**Recorded information**:
▬▬▬▬▬▬

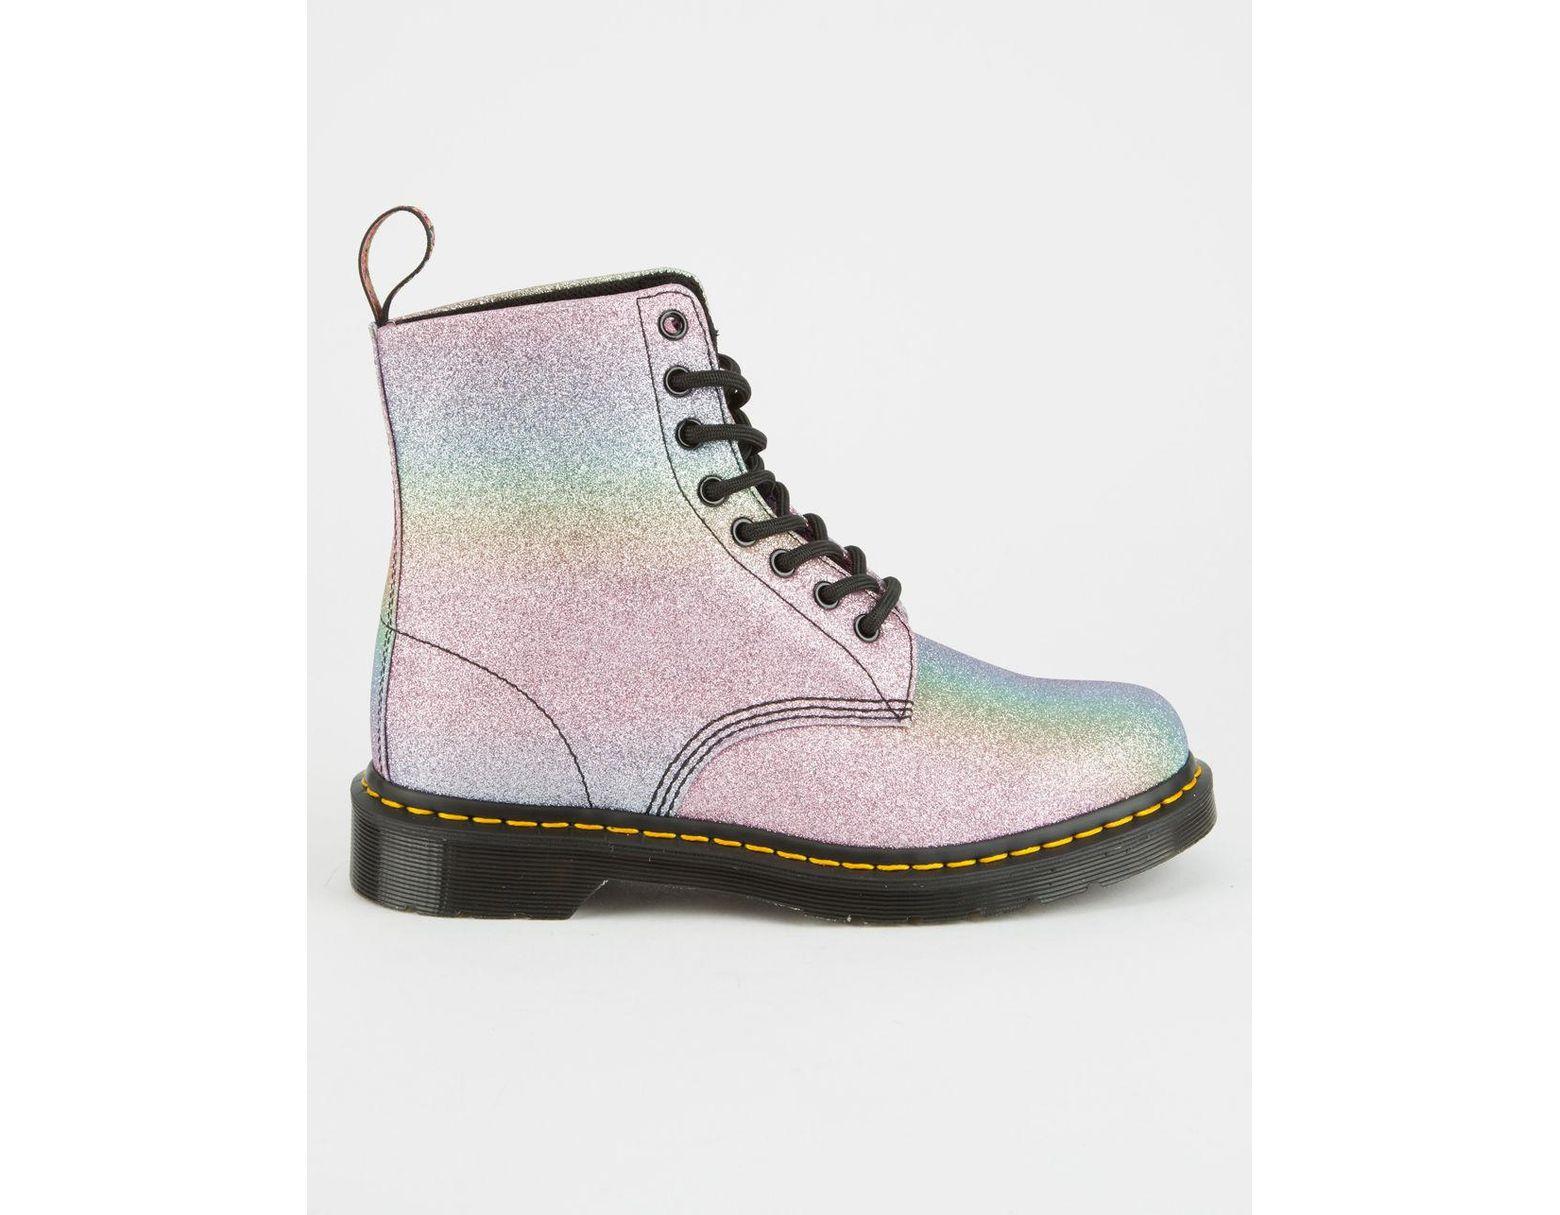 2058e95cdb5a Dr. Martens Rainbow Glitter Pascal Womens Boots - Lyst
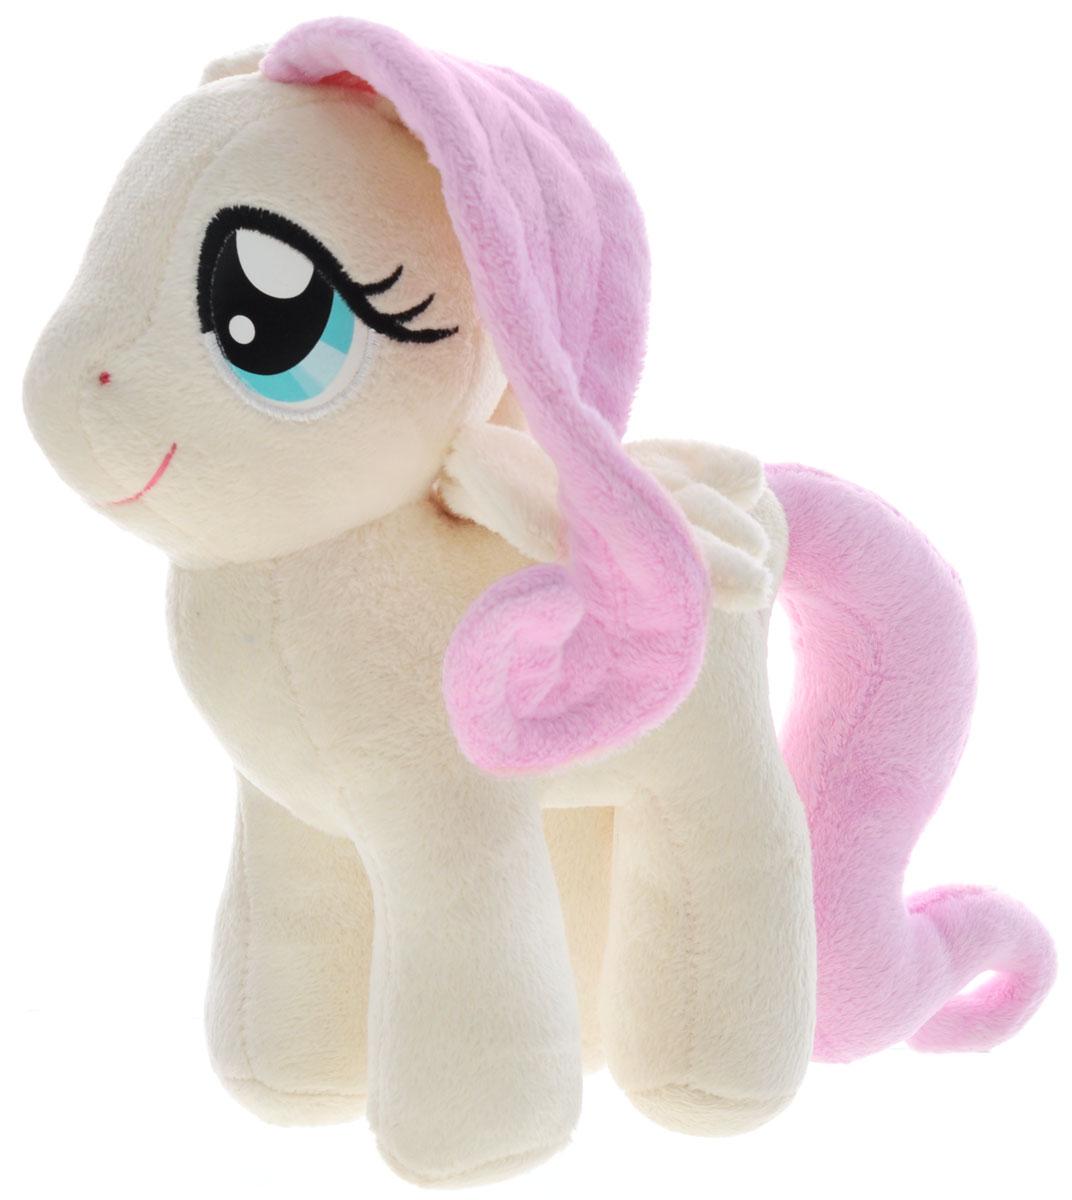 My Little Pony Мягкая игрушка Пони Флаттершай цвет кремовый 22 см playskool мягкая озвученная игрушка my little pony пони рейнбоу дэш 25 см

▬▬▬▬▬▬

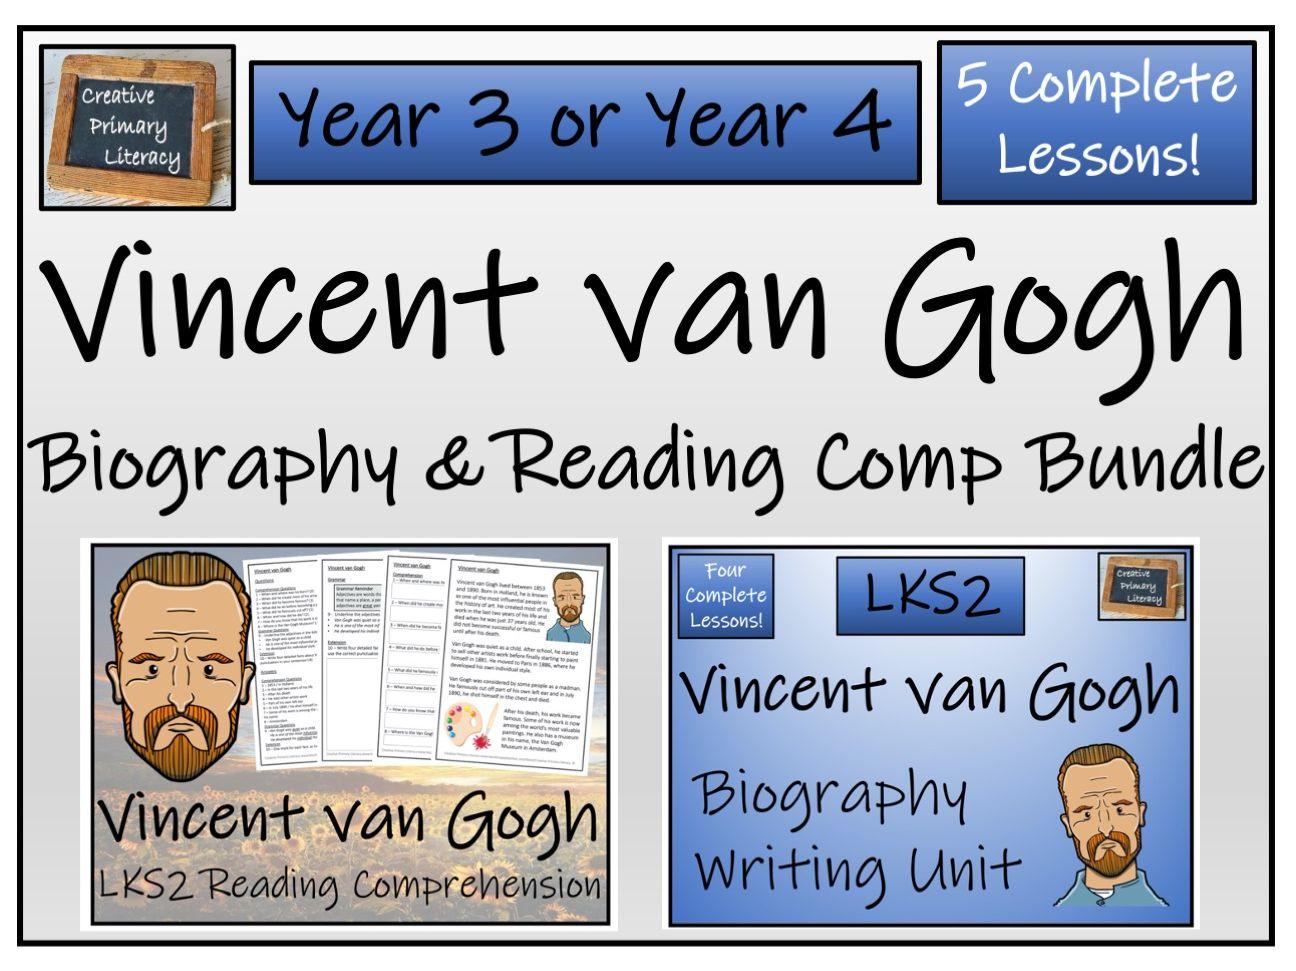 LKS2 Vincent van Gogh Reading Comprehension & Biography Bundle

▬▬▬▬▬▬

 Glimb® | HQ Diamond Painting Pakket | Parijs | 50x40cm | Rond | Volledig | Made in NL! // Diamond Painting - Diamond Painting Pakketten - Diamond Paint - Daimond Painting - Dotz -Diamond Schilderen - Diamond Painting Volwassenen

▬▬▬▬▬▬

**Exercise details**: With the pictures removed from your copy, retype the lines above from the one that contains "2058e95cdb5a Dr. Martens" through the one that contains "My Little Pony Мягкая", exactly.

**Task response**:
 2058e95cdb5a Dr. Martens Rainbow Glitter Pascal Womens Boots - Lyst
 My Little Pony Мягкая игрушка Пони Флаттершай цвет кремовый 22 см playskool мягкая озвученная игрушка my little pony пони рейнбоу дэш 25 см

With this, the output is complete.